Оказывается, она впорхнула к нам, а мы и не заметили — так увлеклись разговором.

— Нет, Лариса, надо. Это как раз тот случай, когда промедление смерти подобно.

— Ой-ей-ей-ей! — запричитала Лариска, — нашли о чем говорить на Новый год!

— А о чем бы ты хотела? — спросил Юрка, залюбовавшись Лариской.

Она была сейчас не просто красивой — потрясающе красивой!

— О любви, Юрочка! — сказала Лариска кокетливо. — Только не со мной! В данный момент я — почтовый голубь! Идем!

И она увела Юрку. Я догадалась, чье задание выполняла Лариска. Клара, наверное, исстрадалась без Юркиного внимания. Лариска вскоре вернулась и подтвердила мою догадку. Она сказала весело:

— Вот и еще одного человека осчастливила.

Ленька сказал мне негромко:

— Пойдем танцевать.

Маруся услышала и сказала:

— Идите сейчас же! А то меня начинает совесть мучить!

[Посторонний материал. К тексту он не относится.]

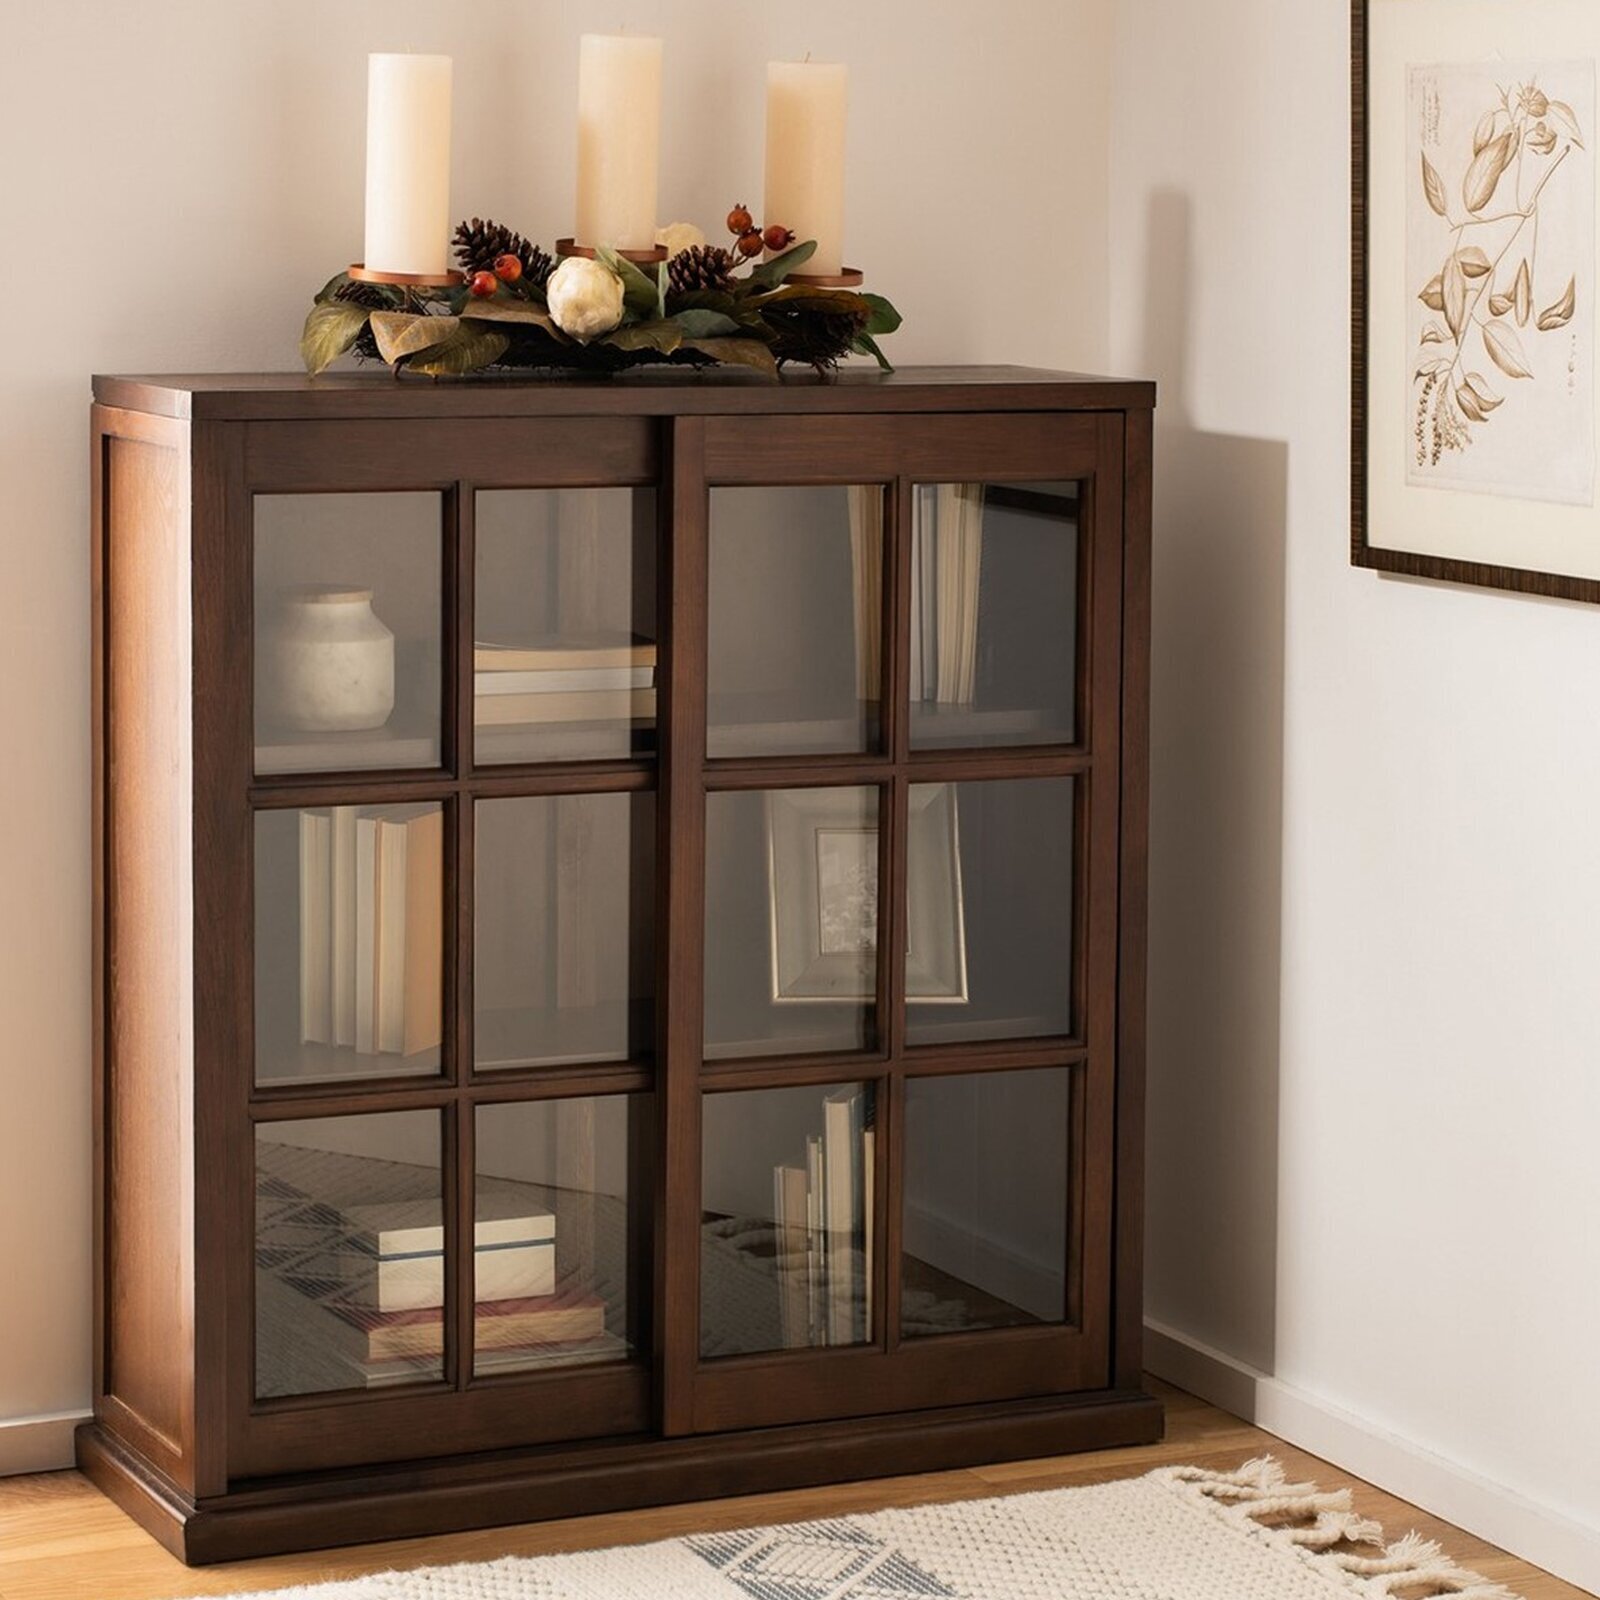 Wooden Bookcase With Bypass Doors

И мы вышли с Ленькой в зал.

Глава 10. Каникулы

Нам даже не снилось, что мы придумаем такое. А началось вот как. Ленька сдержал свое слово и пригласил меня на охоту.

— А Маруся? — спросила я.

— Это предварительное мероприятие, — сказал Ленька. — Надо помозговать.

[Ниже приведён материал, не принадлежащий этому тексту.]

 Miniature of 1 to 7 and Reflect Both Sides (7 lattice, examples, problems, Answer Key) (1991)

Пошли втроем: Колян, Ленька и я. На лыжах. Погода была великолепная: снегу завались, солнце. Ленька взял с собой своего Кабысдоха — того самого рыжего щенка, который так нас опозорил на школьном вечере.

Ну что, Кабысдох, — сказал Ленька, когда мы порядочно отошли от его дома, — постреляем зайчиков?

Щенок трусливо поджал хвост и заскулил.

— Неужели он понимает, что ты говоришь? — спросила я.

— Конечно, понимает, хоть и дворняга.

Щенок несколько раз пытался повернуть к дому, но Ленька был на страже. Однако случилось так, что Ленька потерял бдительность — ему показалось, будто рябчики рядом.

: — Тсс! — сказал Ленька.

Мы притаились, задрав головы, глядя во все глаза на деревья, которые каким-то чудом удерживали огромные шапки снега. Щенок использовал этот момент: когда мы оглянулись, его и след простыл.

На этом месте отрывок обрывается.